Exercise instructions =>
Restate the listing below word for word; no pictures belong in the copy.

Provided data =>
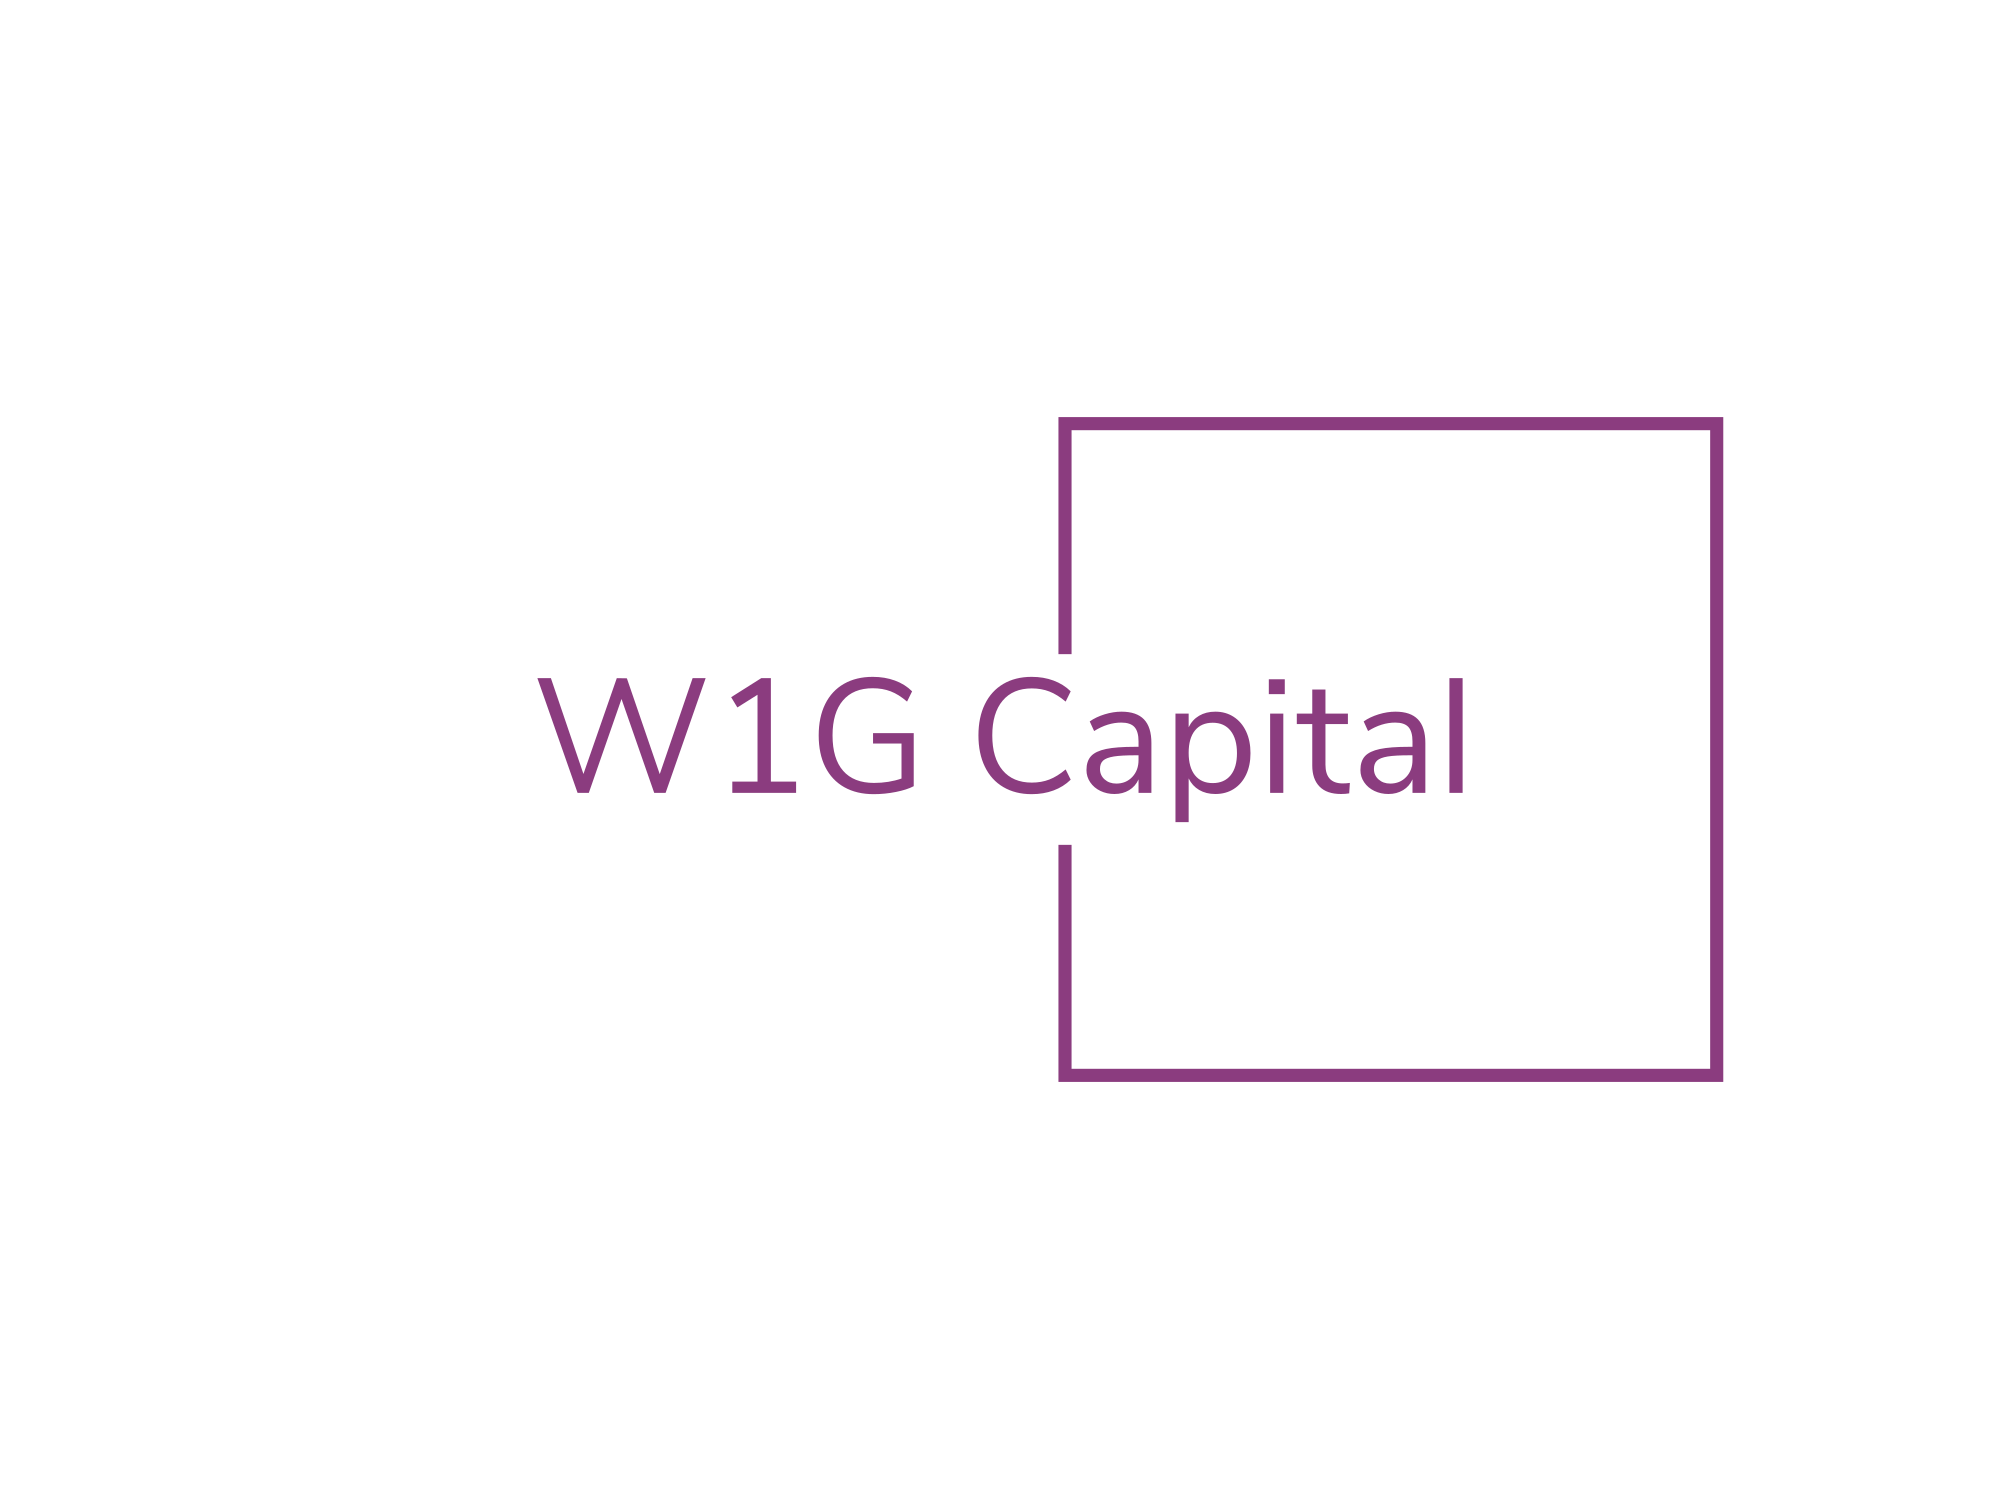 W1G Capital
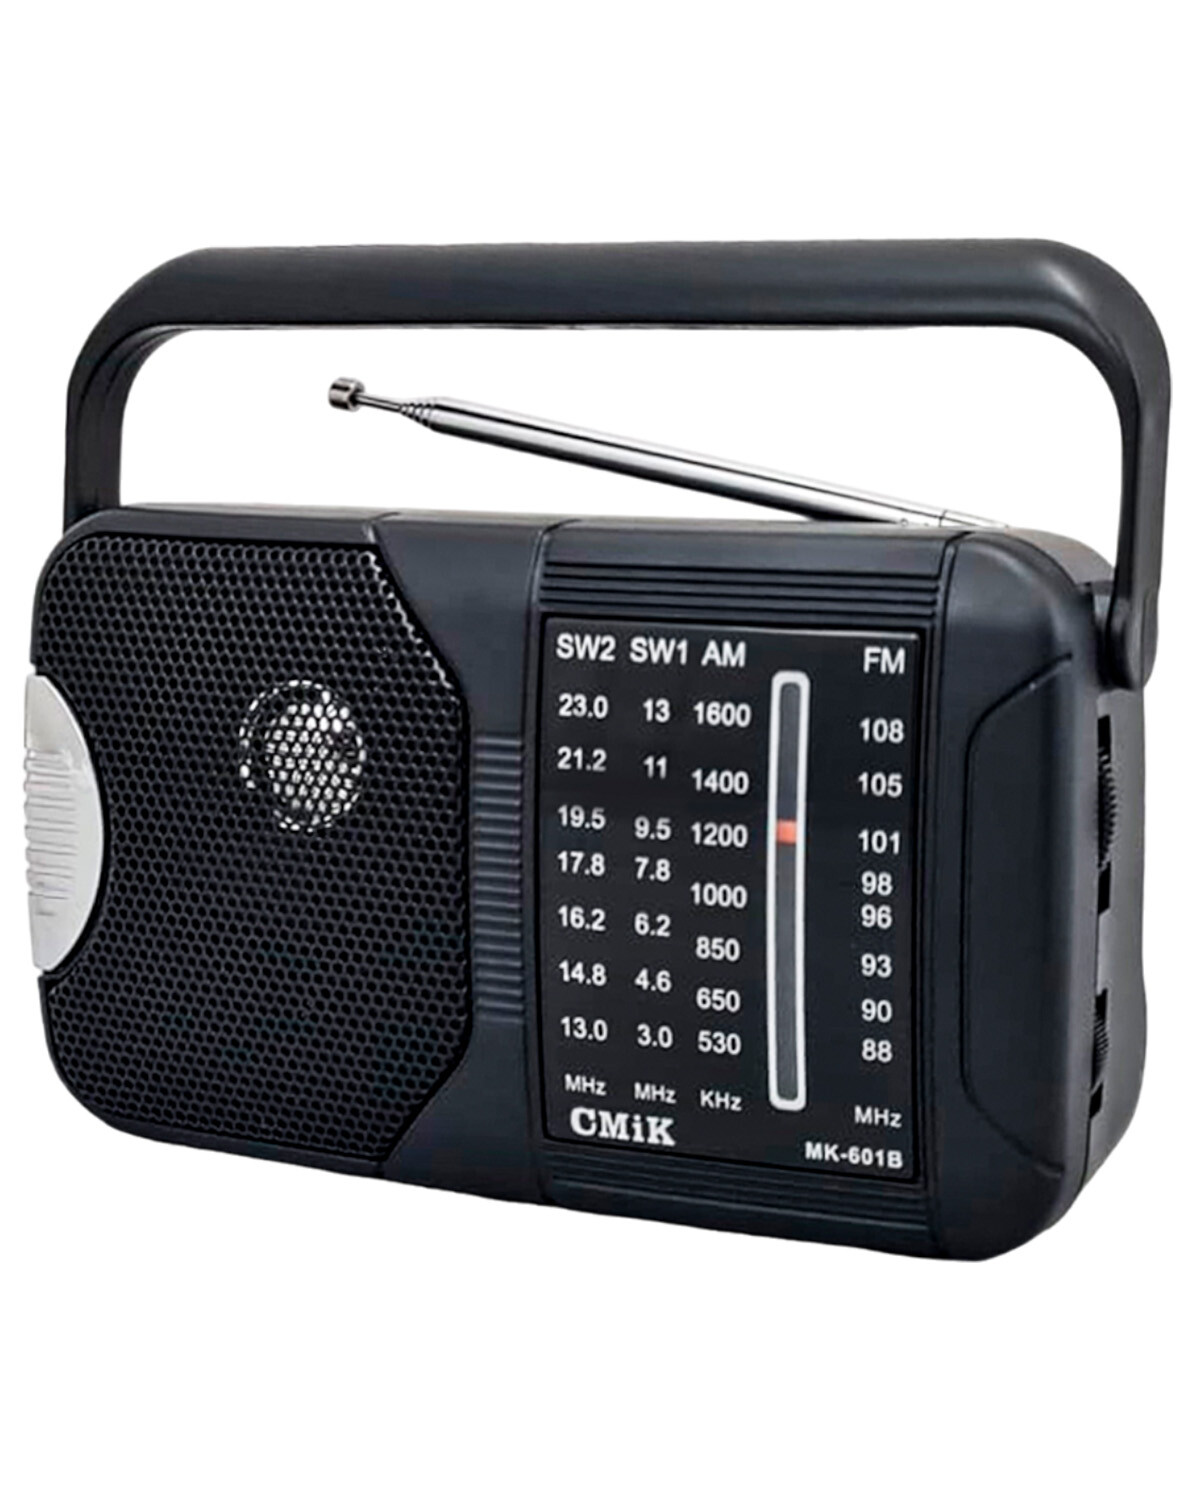 Radio multibanda a pilas con asa AM FM SW1 SW2 — Electroventas
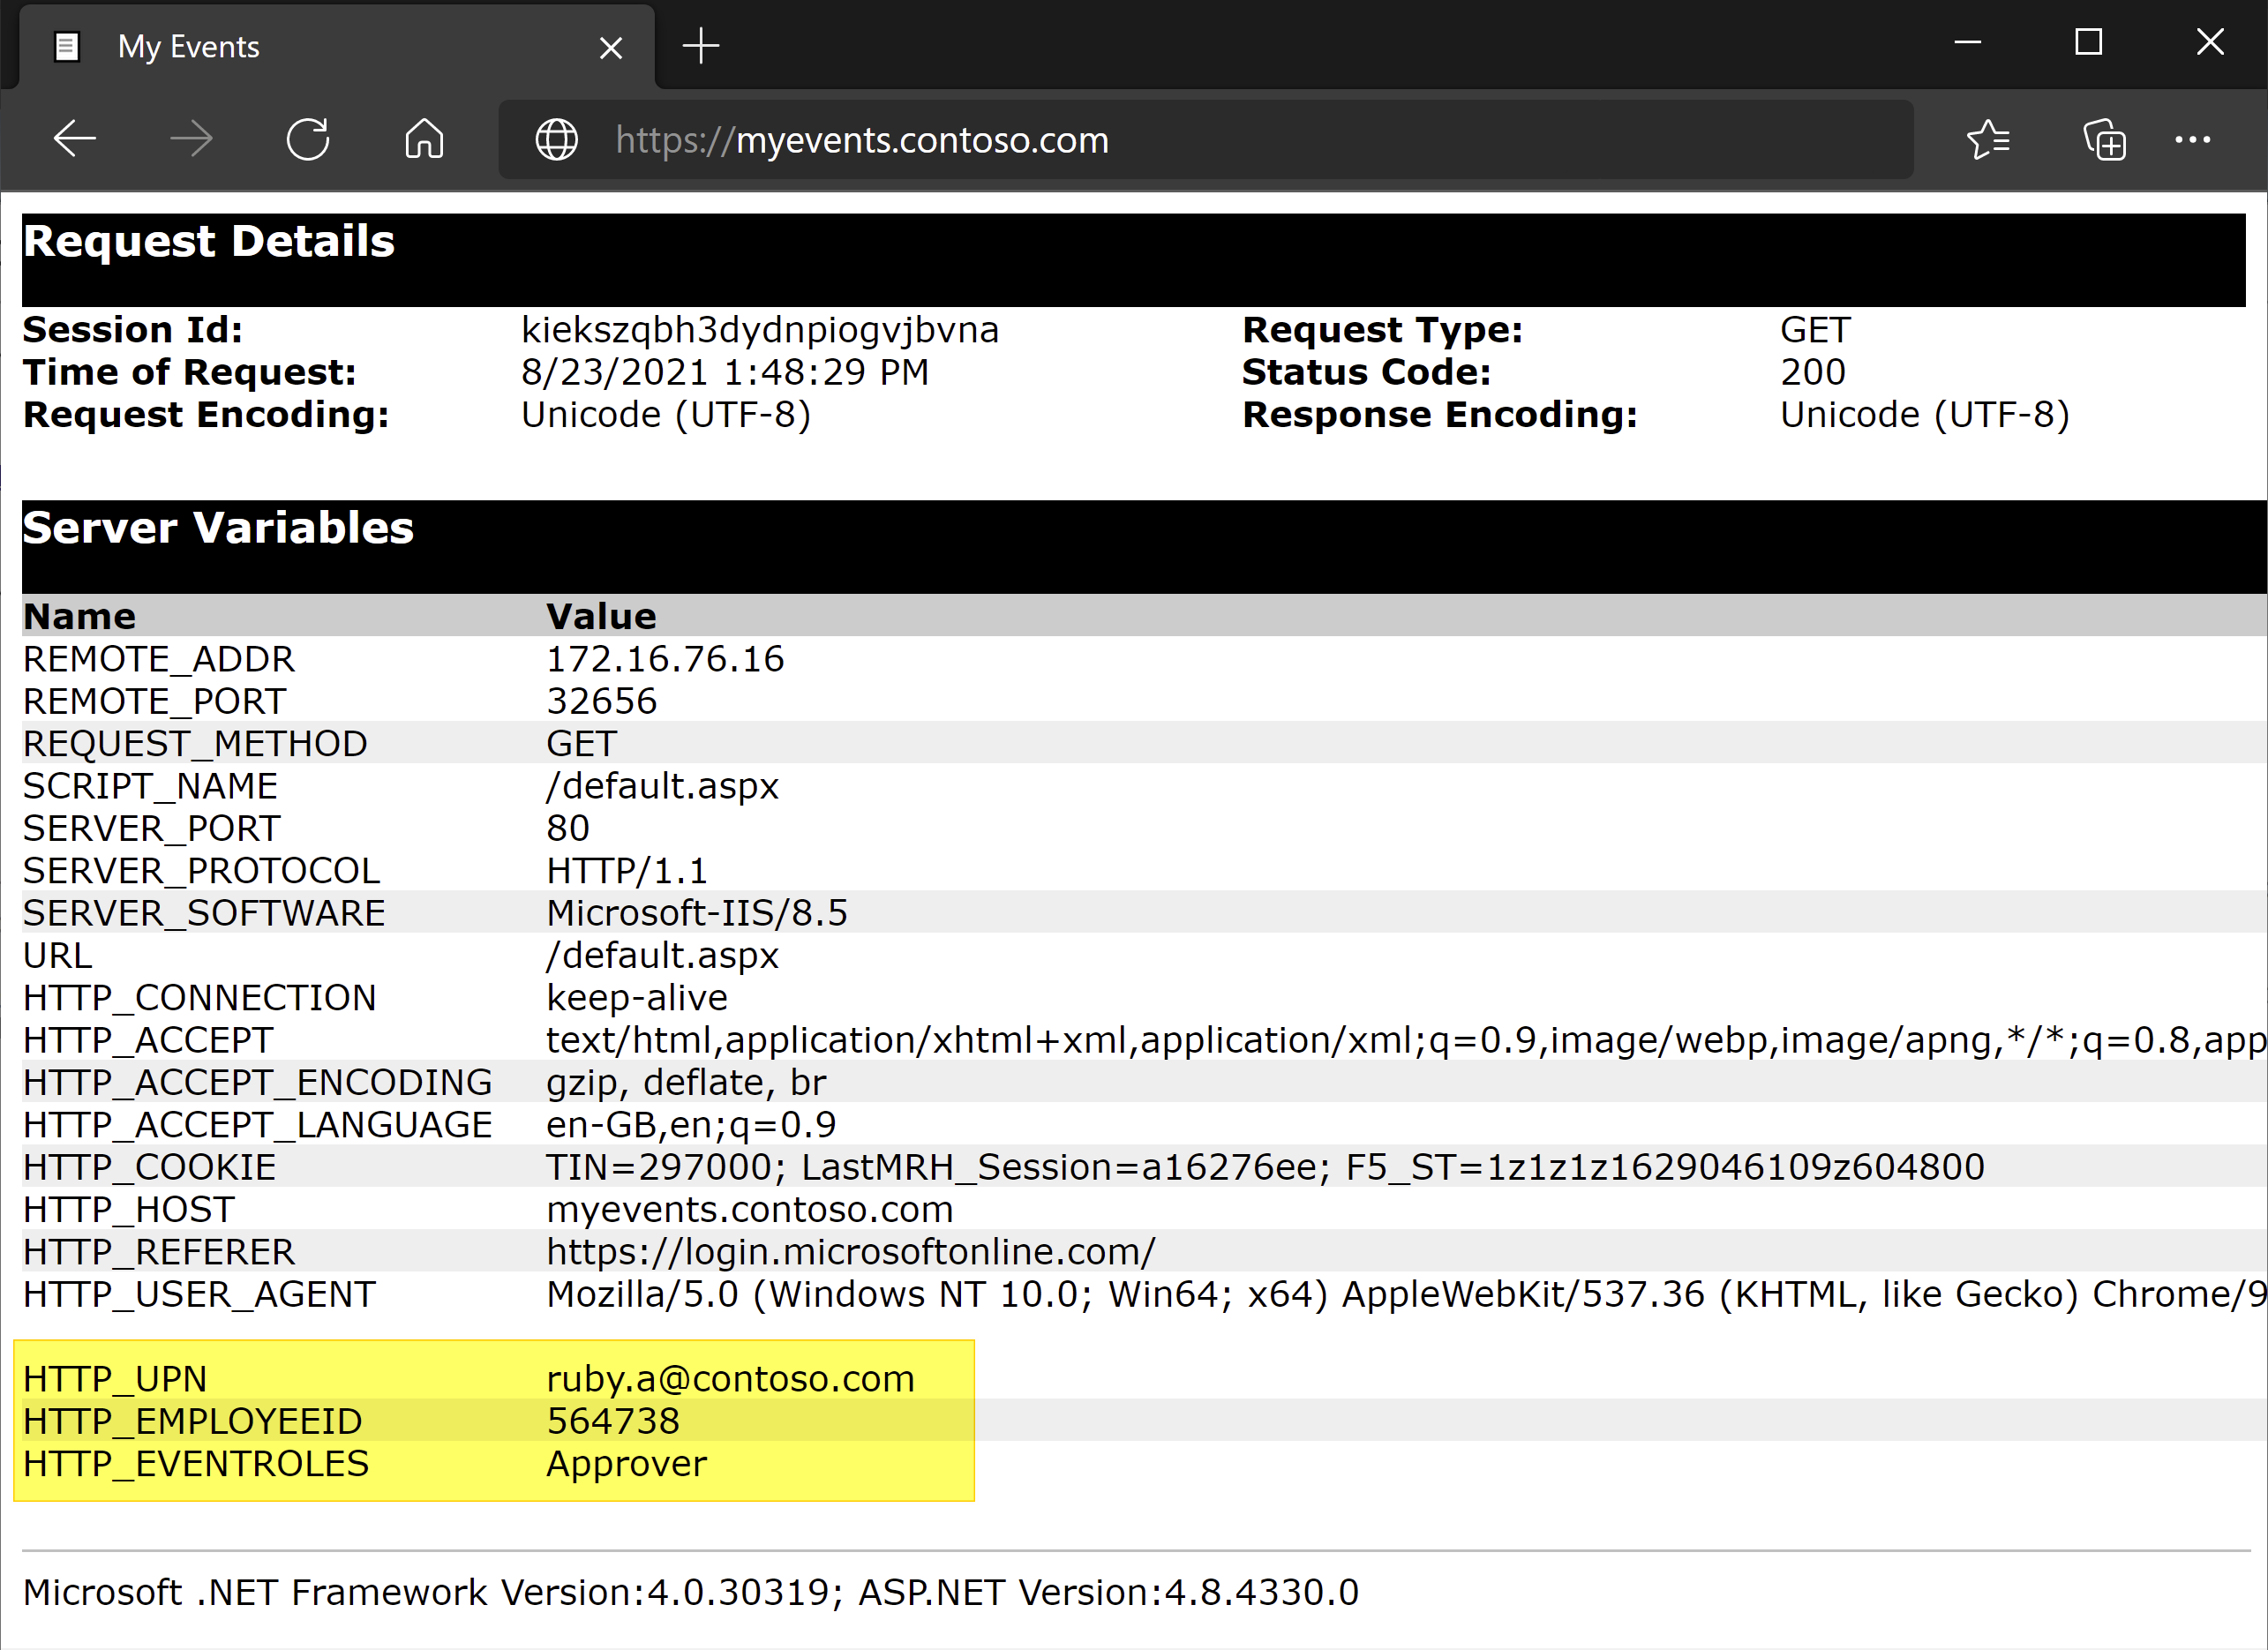 Captura de tela do UPN, ID do funcionário e funções de evento em Variáveis de Servidor.
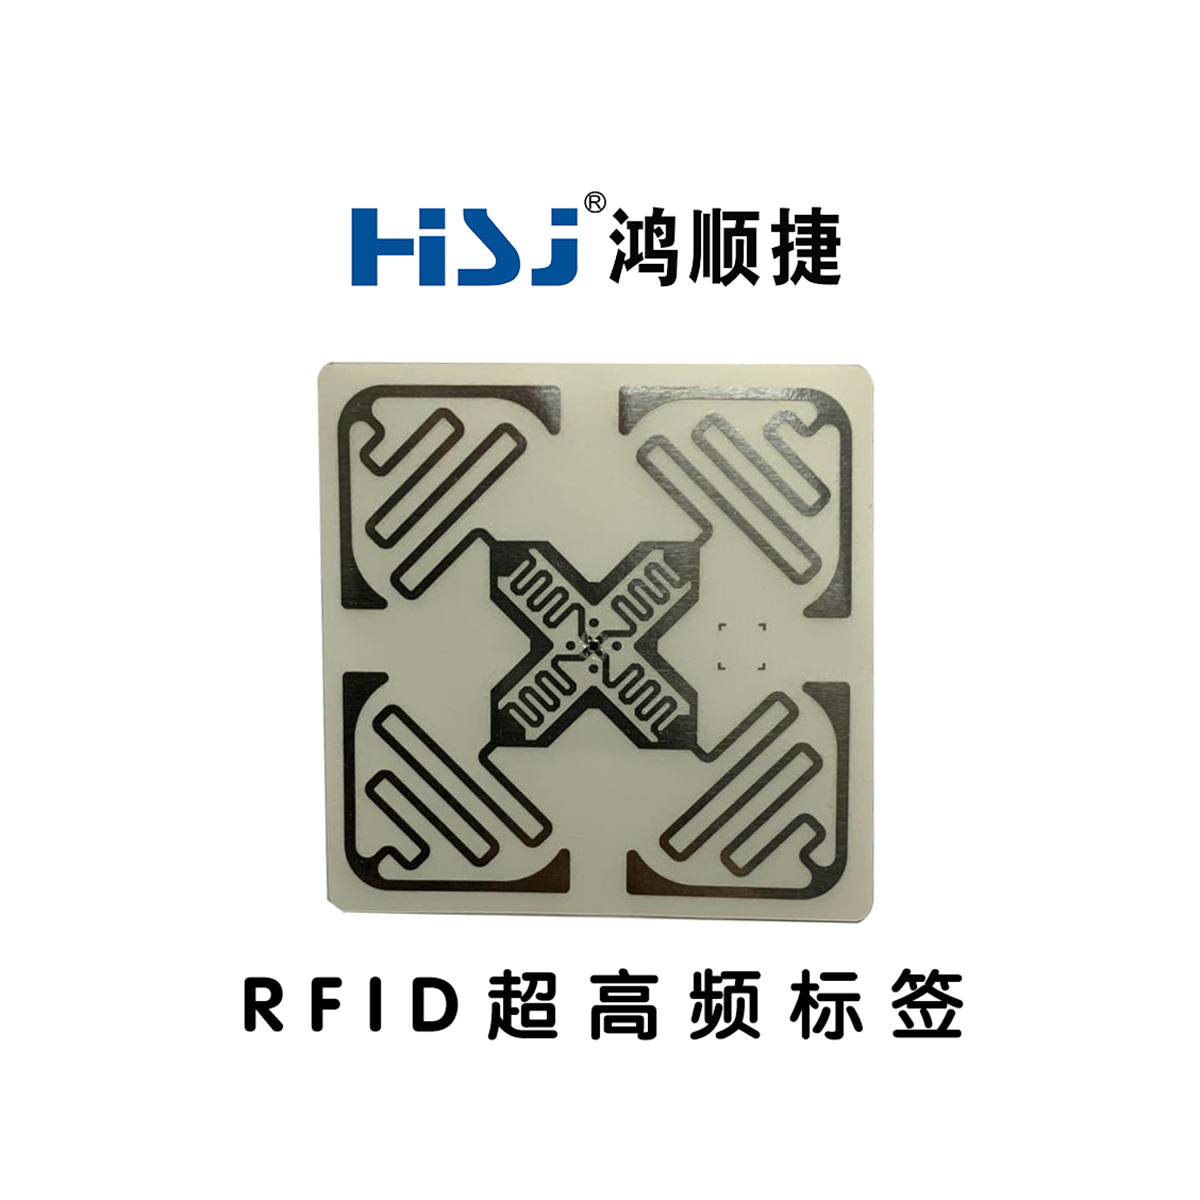 RFID标签的频率说明，超高频RFID标签的特性

Task result =>
 W1G Capital
 Radio multibanda a pilas con asa AM FM SW1 SW2 — Electroventas
 Captura de tela do UPN, ID do funcionário e funções de evento em Variáveis de Servidor.
 RFID标签的频率说明，超高频RFID标签的特性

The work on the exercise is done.